Repeat exactly the lines below, from the line containing "JIJIAWENHUA NUEVA TENDIENDA" through the last line, both included. Leave out any pictures.

• [Collected data]
***

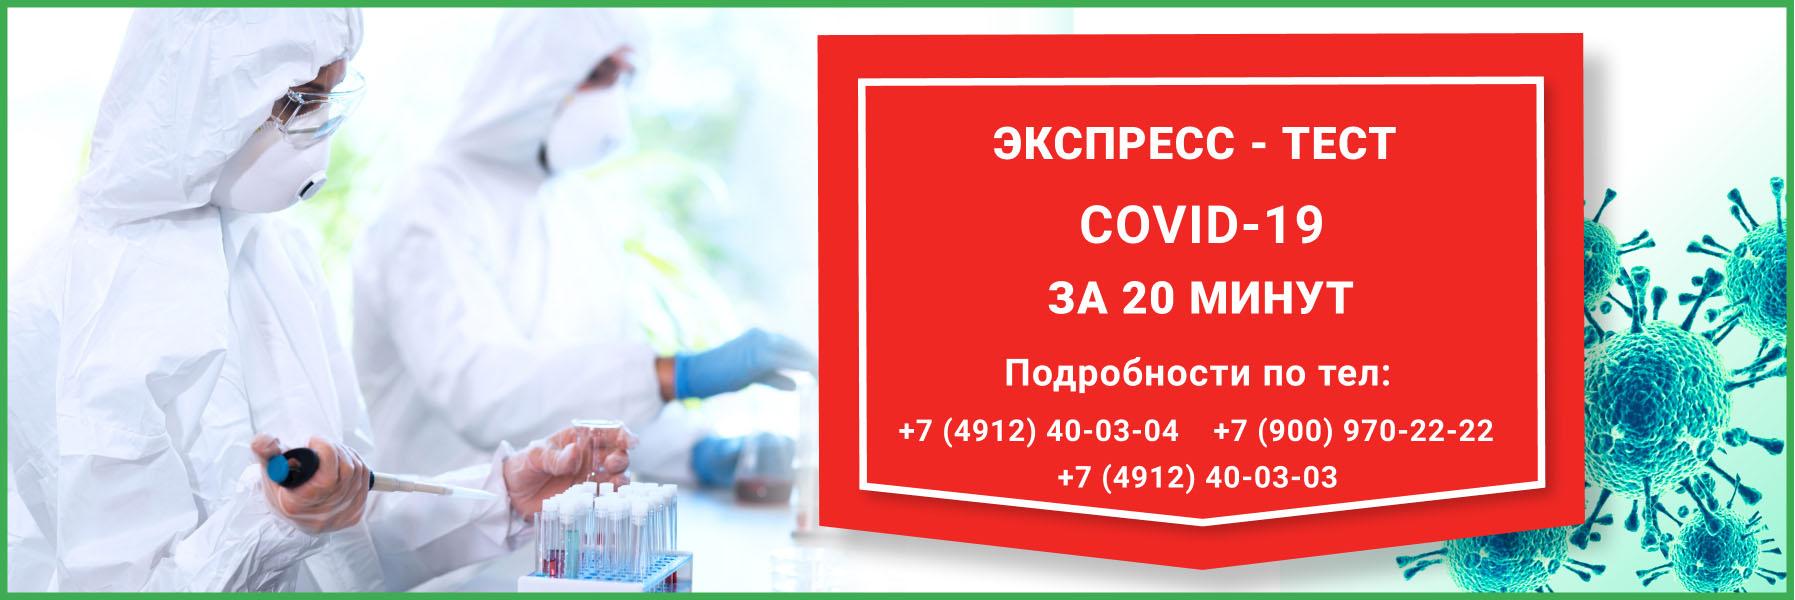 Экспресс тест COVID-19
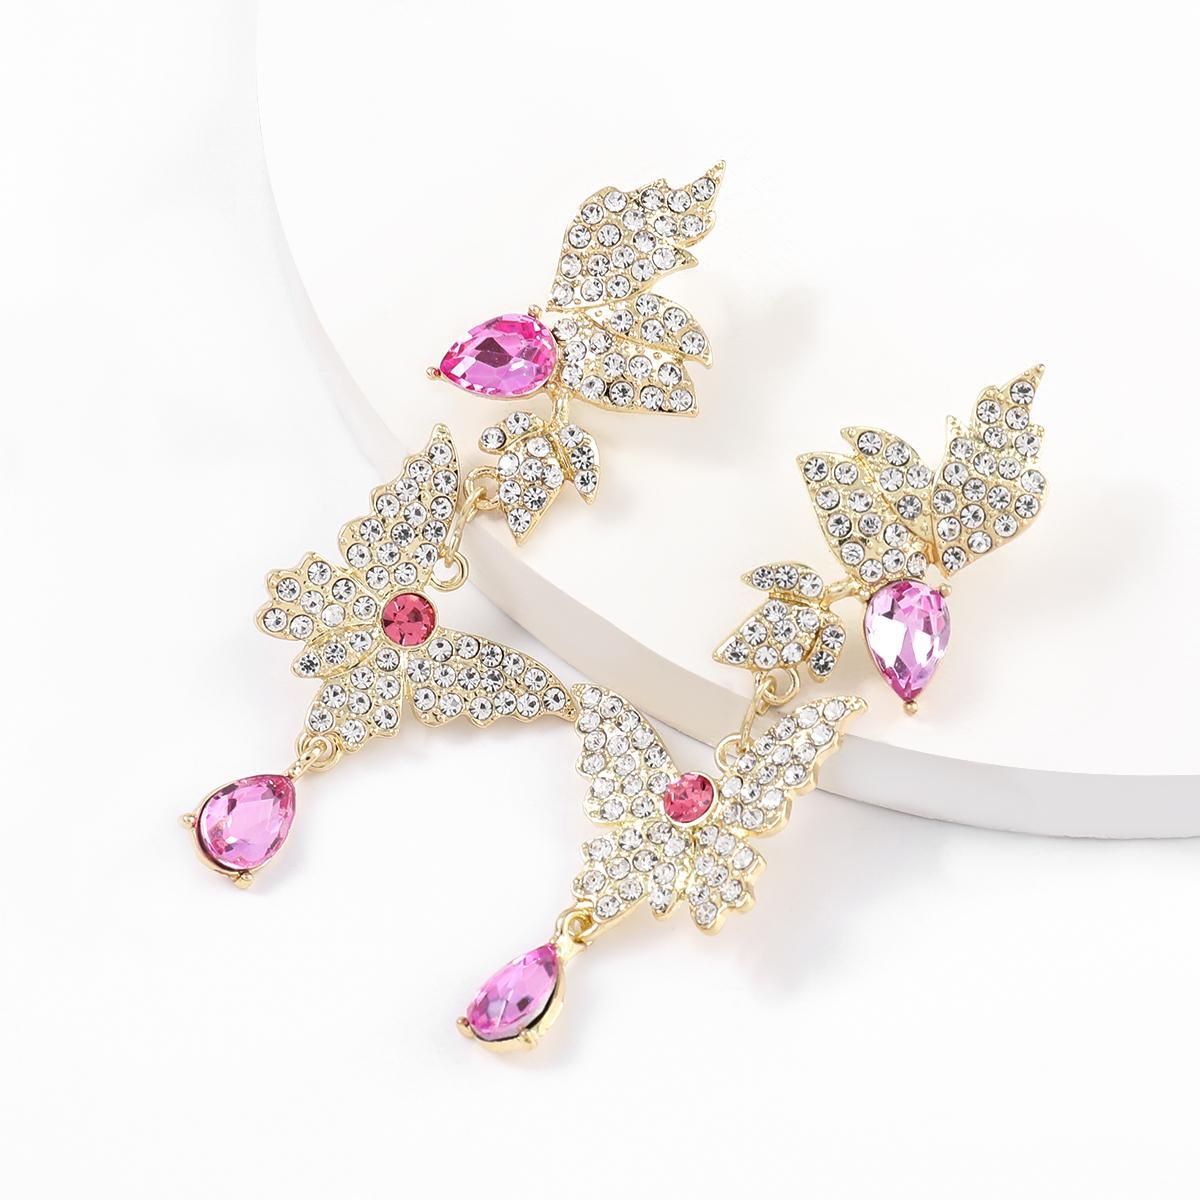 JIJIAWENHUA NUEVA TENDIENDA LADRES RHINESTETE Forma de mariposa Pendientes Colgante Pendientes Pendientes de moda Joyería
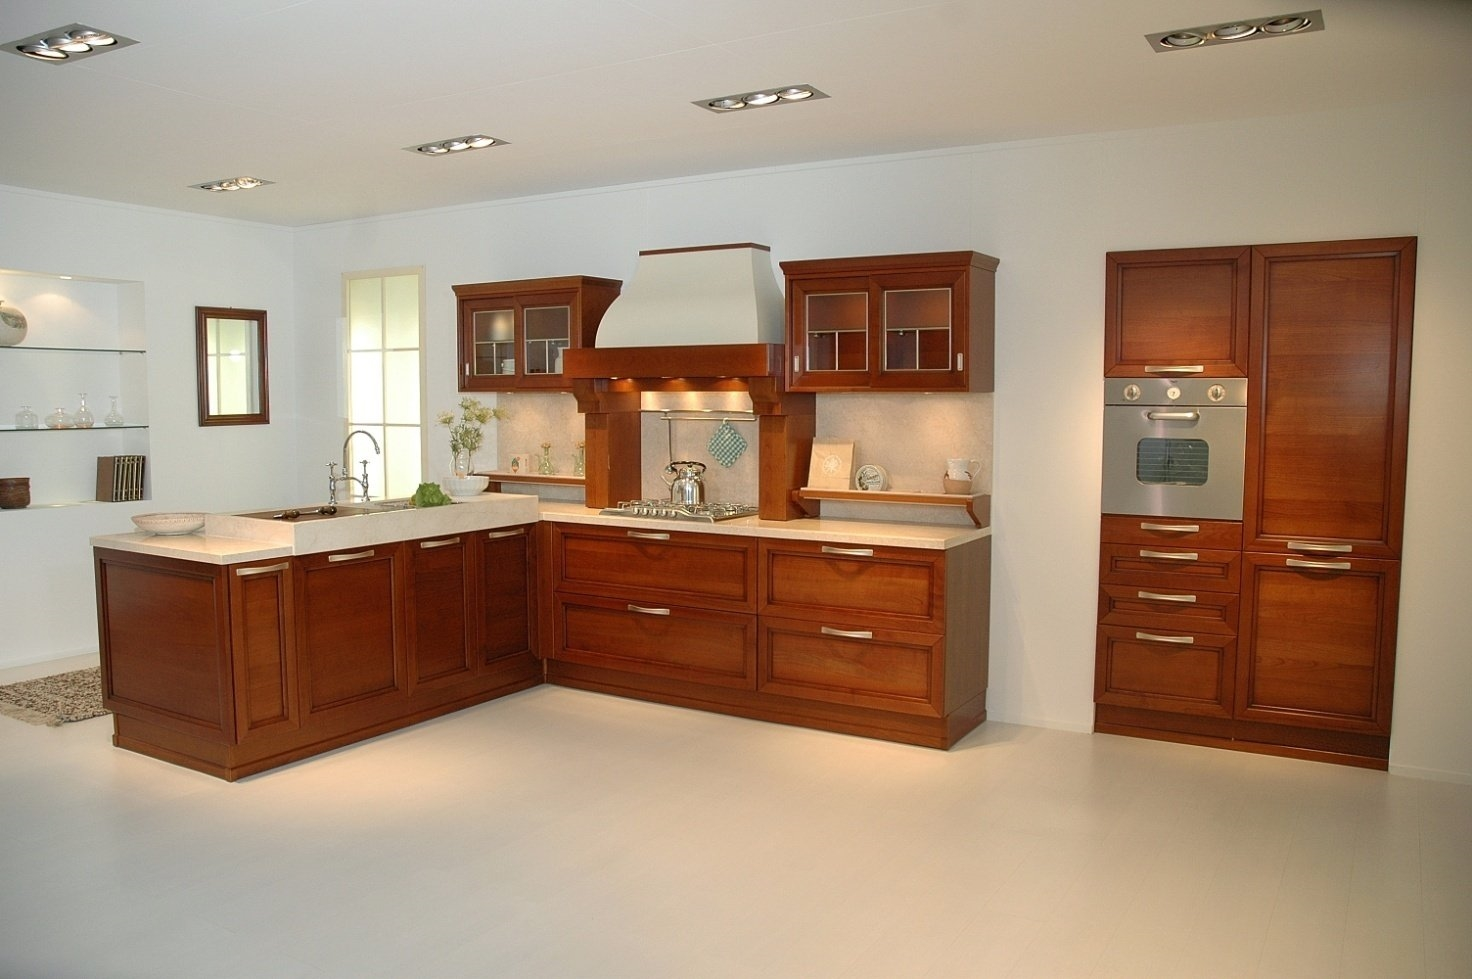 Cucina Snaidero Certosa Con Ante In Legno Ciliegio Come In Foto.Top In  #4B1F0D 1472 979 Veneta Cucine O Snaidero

***

• [Response box]
 JIJIAWENHUA NUEVA TENDIENDA LADRES RHINESTETE Forma de mariposa Pendientes Colgante Pendientes Pendientes de moda Joyería
 Cucina Snaidero Certosa Con Ante In Legno Ciliegio Come In Foto.Top In  #4B1F0D 1472 979 Veneta Cucine O Snaidero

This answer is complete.